Мой отец перегибается через стол.

— Кому адресовано письмо?

— Нам обоим. Я вскрыла его, потому что…

— Понятно. Ну что ж, ей уже двадцать четыре (вообще-то ей двадцать три) — с юридической точки зрения — совершеннолетняя. Я не вижу причин оказывать давление. — Он вздыхает. — Полагаю, придется устроить что-то вроде приема?..

— Дженни тут пишет, что остается слишком мало времени, так что, скорее всего, будет небольшая домашняя вечеринка. В его доме.

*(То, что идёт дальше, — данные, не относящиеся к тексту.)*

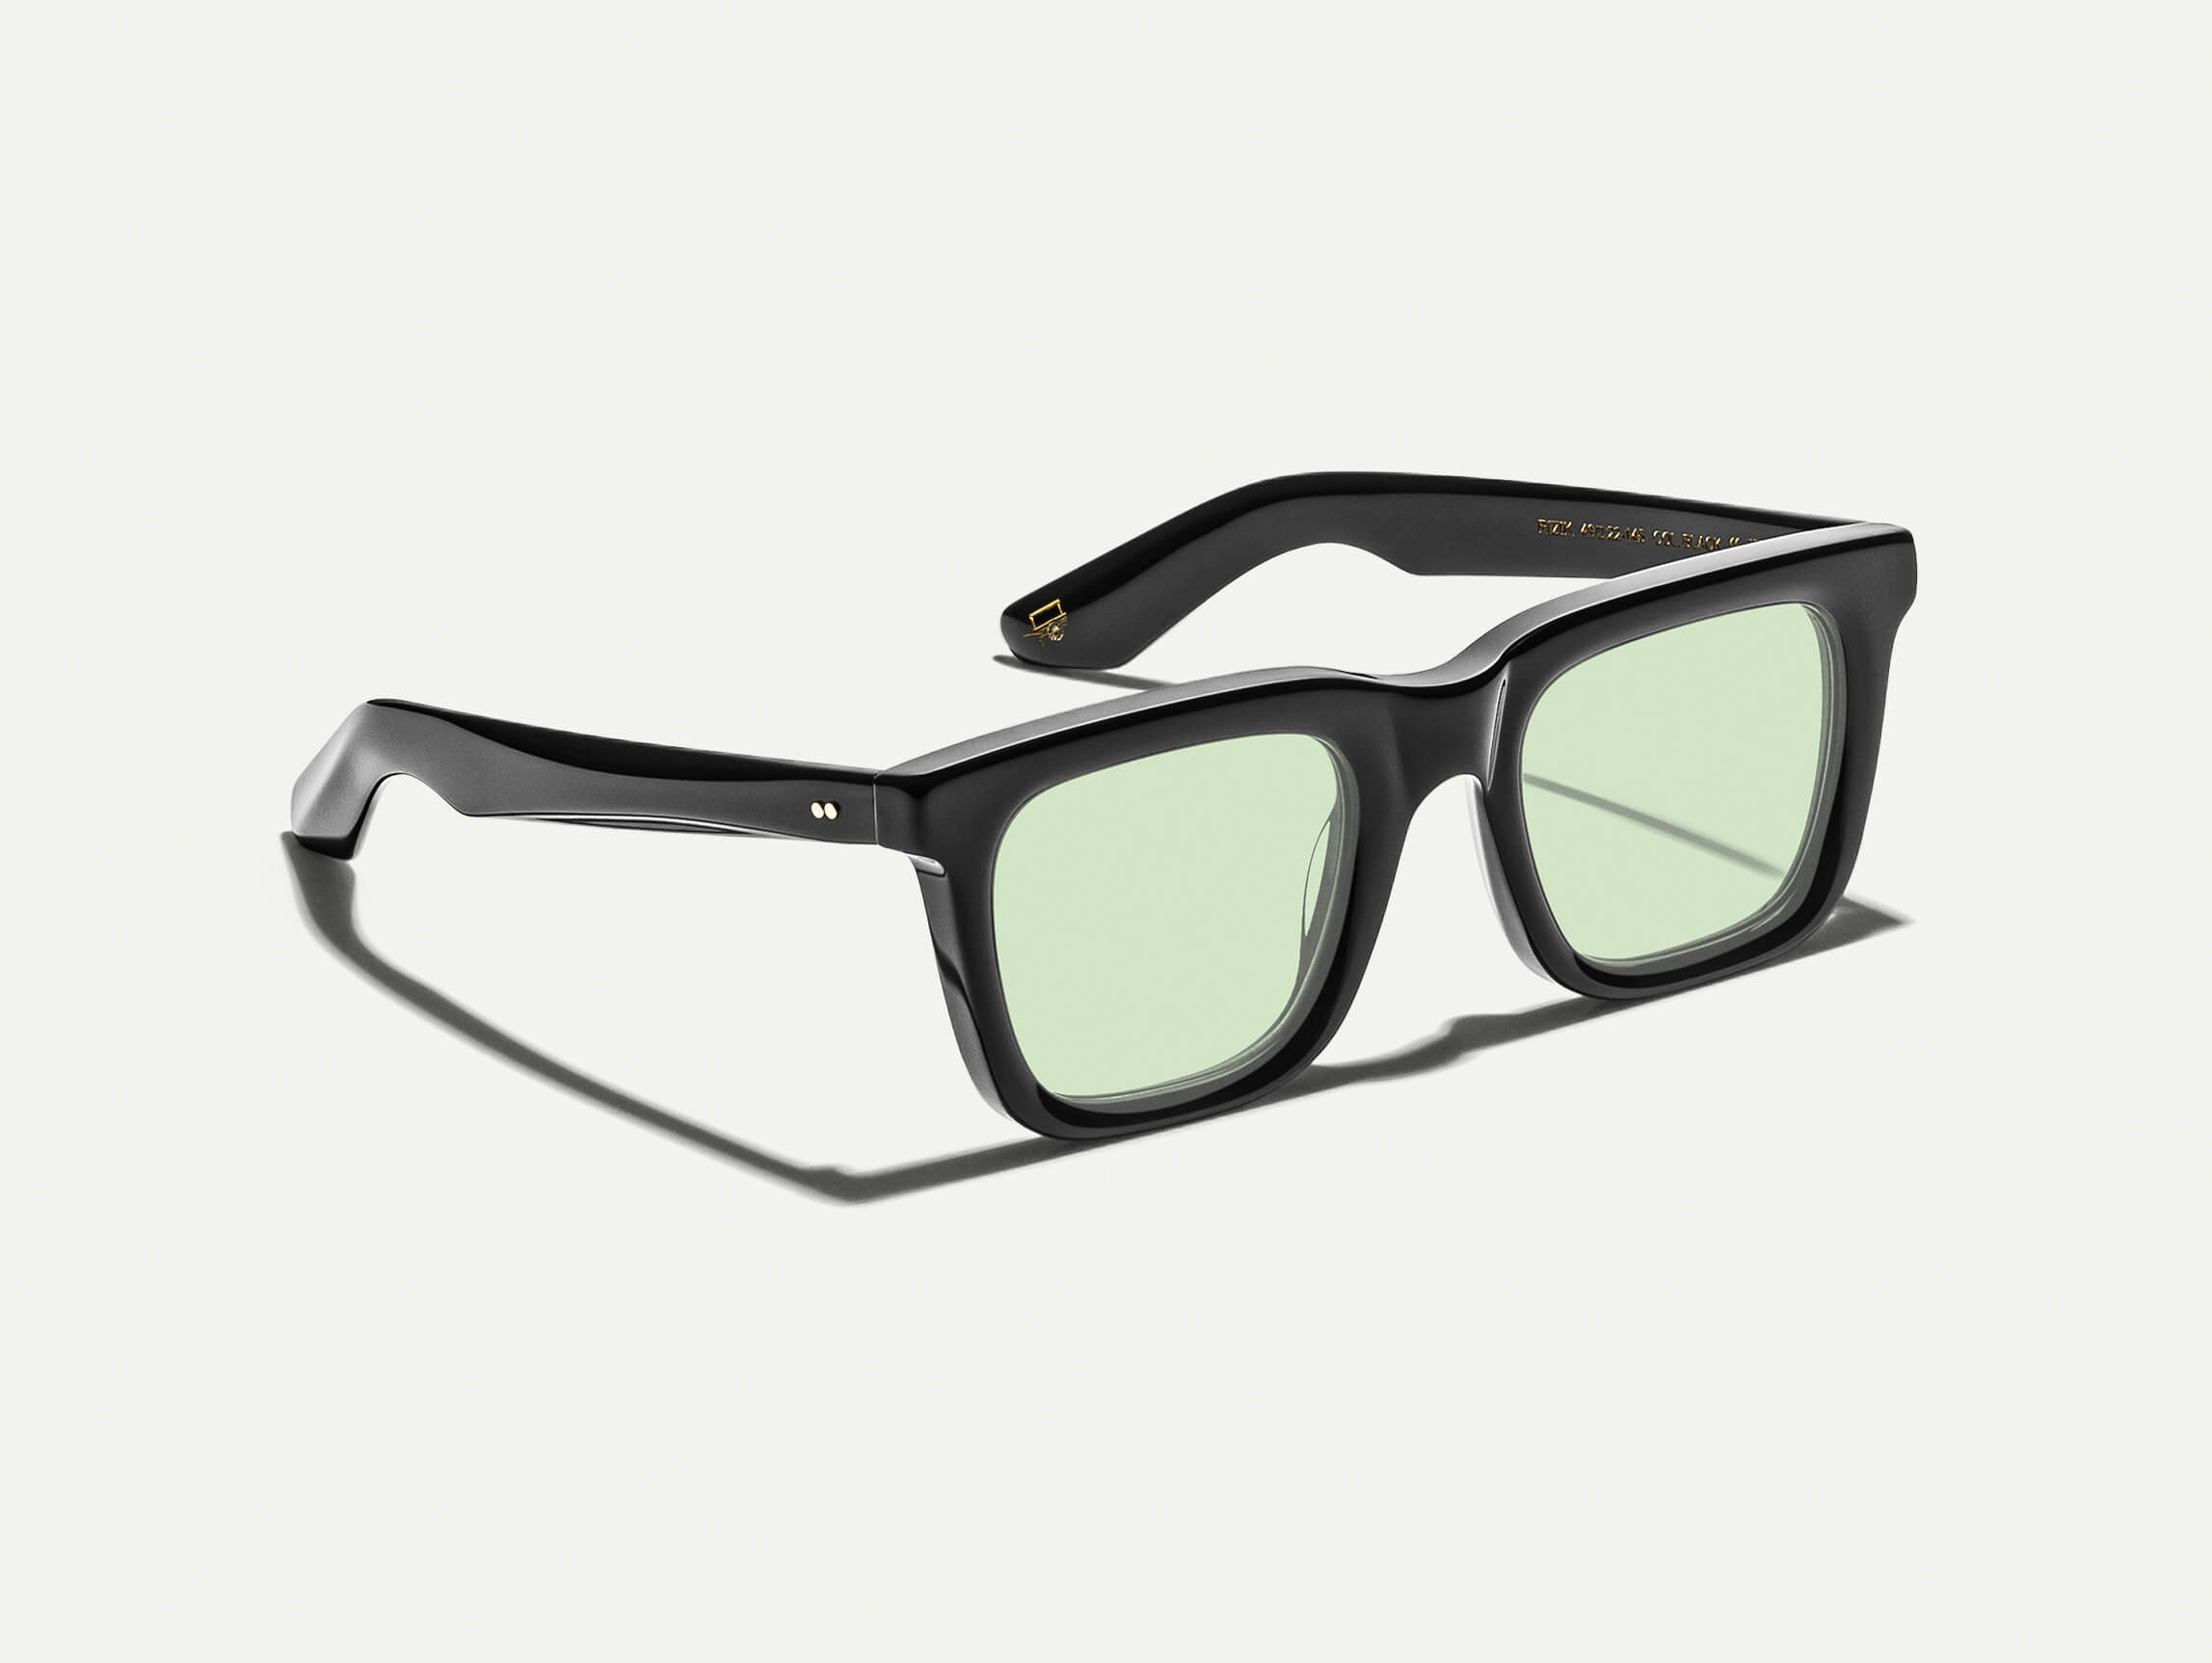 The RIZIK Black with Limelight Tinted Lenses

Мой отец выглядывает из-за газеты:

— Ну, это что-то.

В ближайший уикенд молодая пара приехала на чай. Я его разливал. Мать наглоталась валиума и, трясясь от волнения, пристроилась между ними на диване. Отец вышагивал перед камином. Когда Норман выдавал афоризмы вроде «диван», «простите?» и, однажды, «туалет», можно было наблюдать, как отец вздрагивает и морщится, словно от боли. Его порядком обескуражила роскошь машины и прочего снаряжения Нормана, но отца не так-то легко одурачить символами благополучия. (Помимо всего, он был настолько ниже Нормана, что тому пришлось практически присесть на корточки, чтобы представиться.) Пока мои мать и сестра проводили семинар, посвященный детям, медовому месяцу и предменструальному синдрому, мы с Норманом сыграли в нарды, а вскоре бросили и переключились на очко. Похоже, мы ладили.

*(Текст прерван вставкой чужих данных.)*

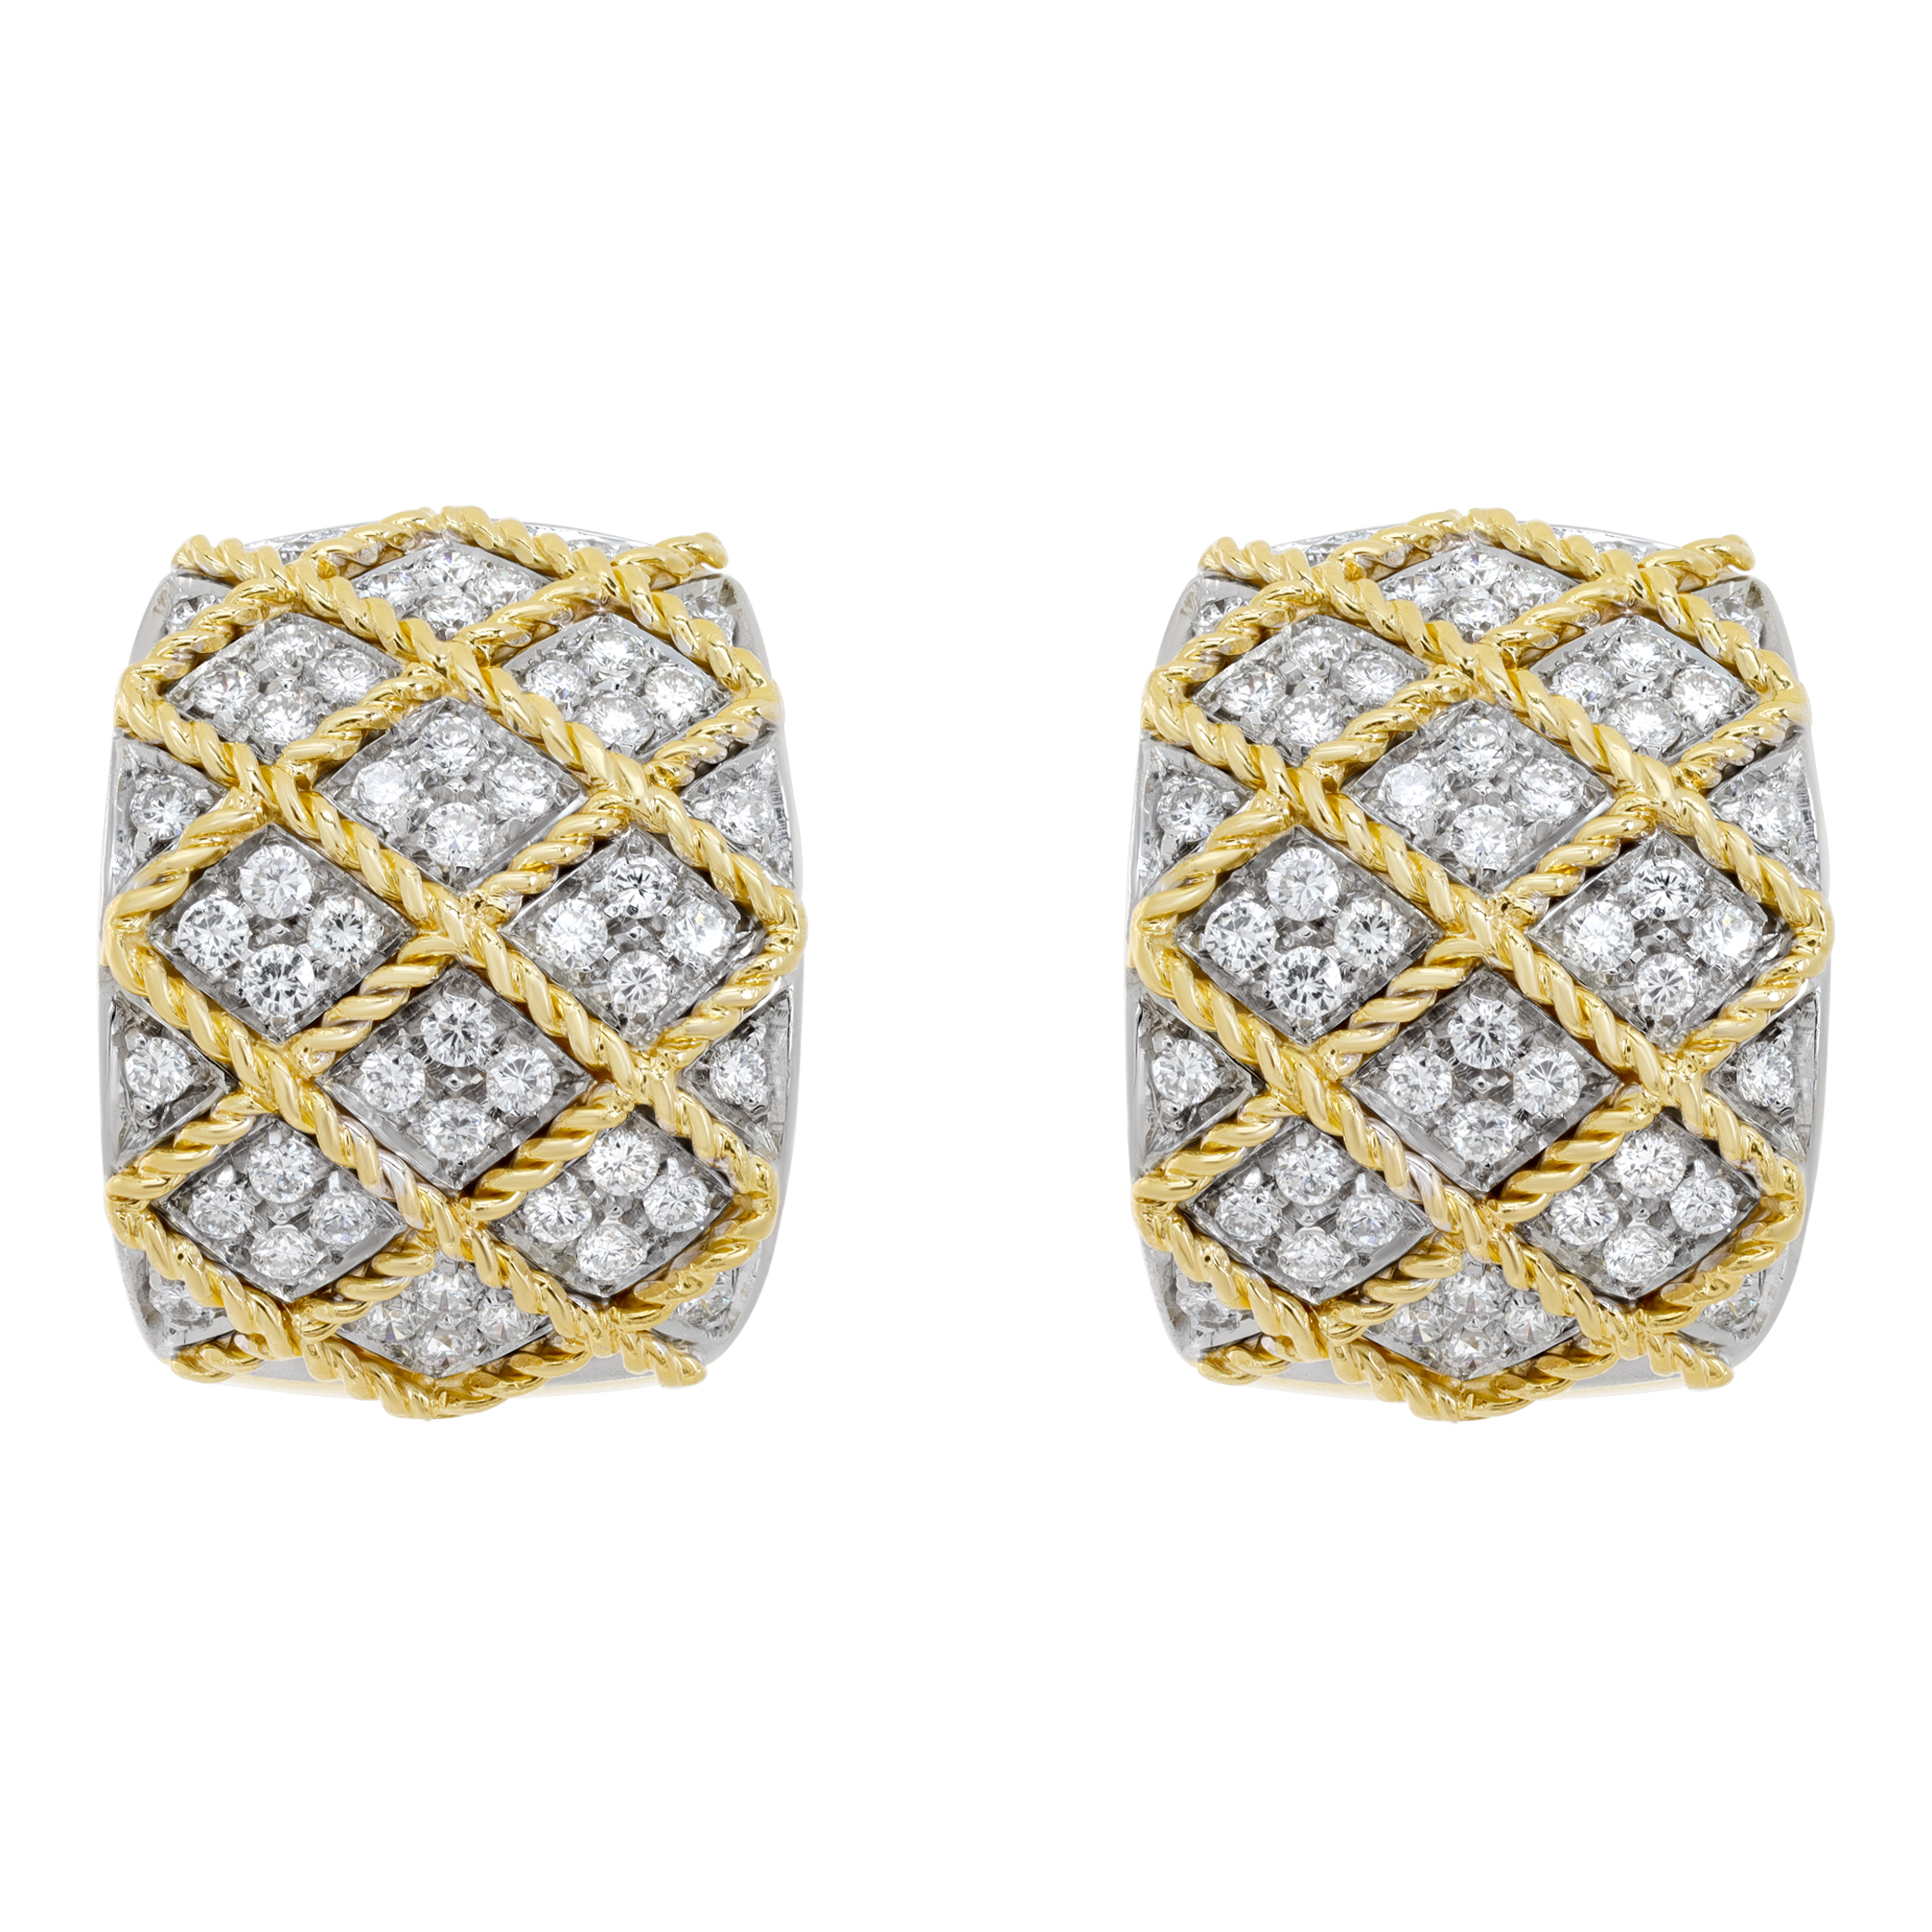 Made in Italy wide semi hoops diamonds earring in 18K yellow gold with post Omega clip. Round brilliant diamonds total approx. weight over 2.00 carats

— Полагаю, могло быть и хуже, — высказался мой отец, когда они ушли.



Мы с Глорией как раз зашли в тупик в вопросе о том, оправдано или нет присутствие медных духовых инструментов в аккомпанементе на сегодняшней поп-сцене, когда я мысленно сосчитал от десяти до нуля и начал клониться в ее сторону: глаза полуприкрыты, губы вытянуты, руки растопырены.

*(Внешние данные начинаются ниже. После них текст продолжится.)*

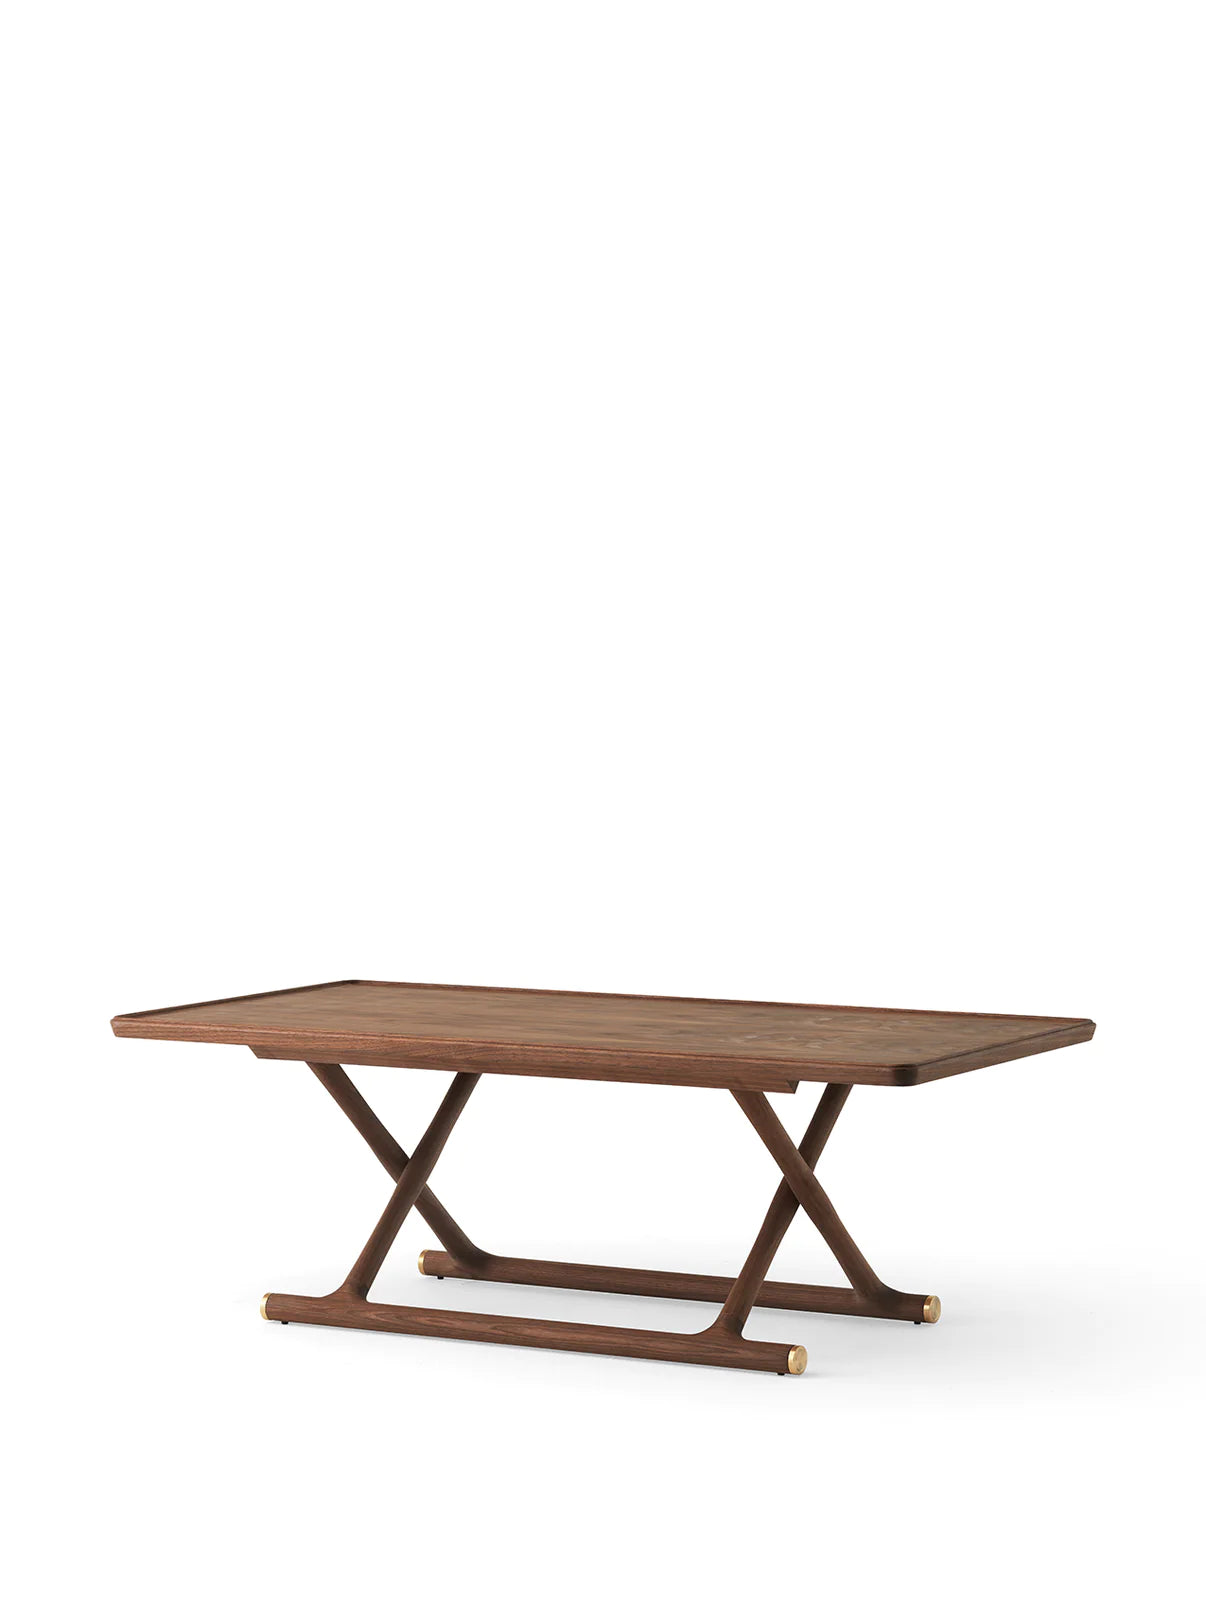 Audo JAGER Foldable Lounge Table

Вам удобно сидеть? На самом деле это была дословная цитата из моей папки «Завоевания и Методы: Синтез». В основном ее материалы составляют краткие заметки; но если появляется ценная мысль или идея, достойная разработки, я воплощаю ее в обстоятельную запись (и обвожу красными чернилами). Раздел, озаглавленный попросту «Глория», как я теперь вижу, выполнен в довольно помпезном эпически-комическом стиле, вроде описаний кабацких баталий у Филдинга — манера, для меня совершенно не характерная. Но в данном случае подобный стиль как раз допустим. В этом вечере было что-то неподражаемо тинейджерское, и, в конце концов, у меня никогда больше не будет ничего подобного.

Думаю, не ошибусь, сказав, что секс у тинейджеров довольно сильно отличается от секса у взрослых. Это не то, что ты делаешь, а, скорее, то, что тебе положено делать. Ладно, пусть те, кому за двадцать, тоже занимаются этим в основном из чувства долга, но это долг перед партнером, а не перед самим собой, как у нас. Взгляните на этих жалких ведьм, что крутятся в ваших местных торговых центрах, многие — с детьми. Они даже одетые страшны. А вообразите их голыми! Гениталии свисают чуть не до колен, груди такие дряблые, что их можно завязывать в узлы. Нужно как минимум находиться под воздействием шпанской мушки, чтобы только представить, как развлекаешься с ними. Но кто-то же это делает: посмотрите на детей! Может, тинейджер и более спонтанен, напорист, etc., но, по большому счету, это всегда лишь еще одно имя в списке, лишь еще одна зарубка на члене… Хорошо бы подтвердить эти грязные измышления статистическими данными, сходив завтра утром, когда мне уже будет двадцать, в деревню и проверив на практике. (Я мог бы запросто вдуть деревенской дурочке, которая как-то раз, безветренной летней ночью, одновременно дрочила мне и Джеффри через школьную ограду; мы стояли, держась за прутья решетки, как заключенные в тюрьме.)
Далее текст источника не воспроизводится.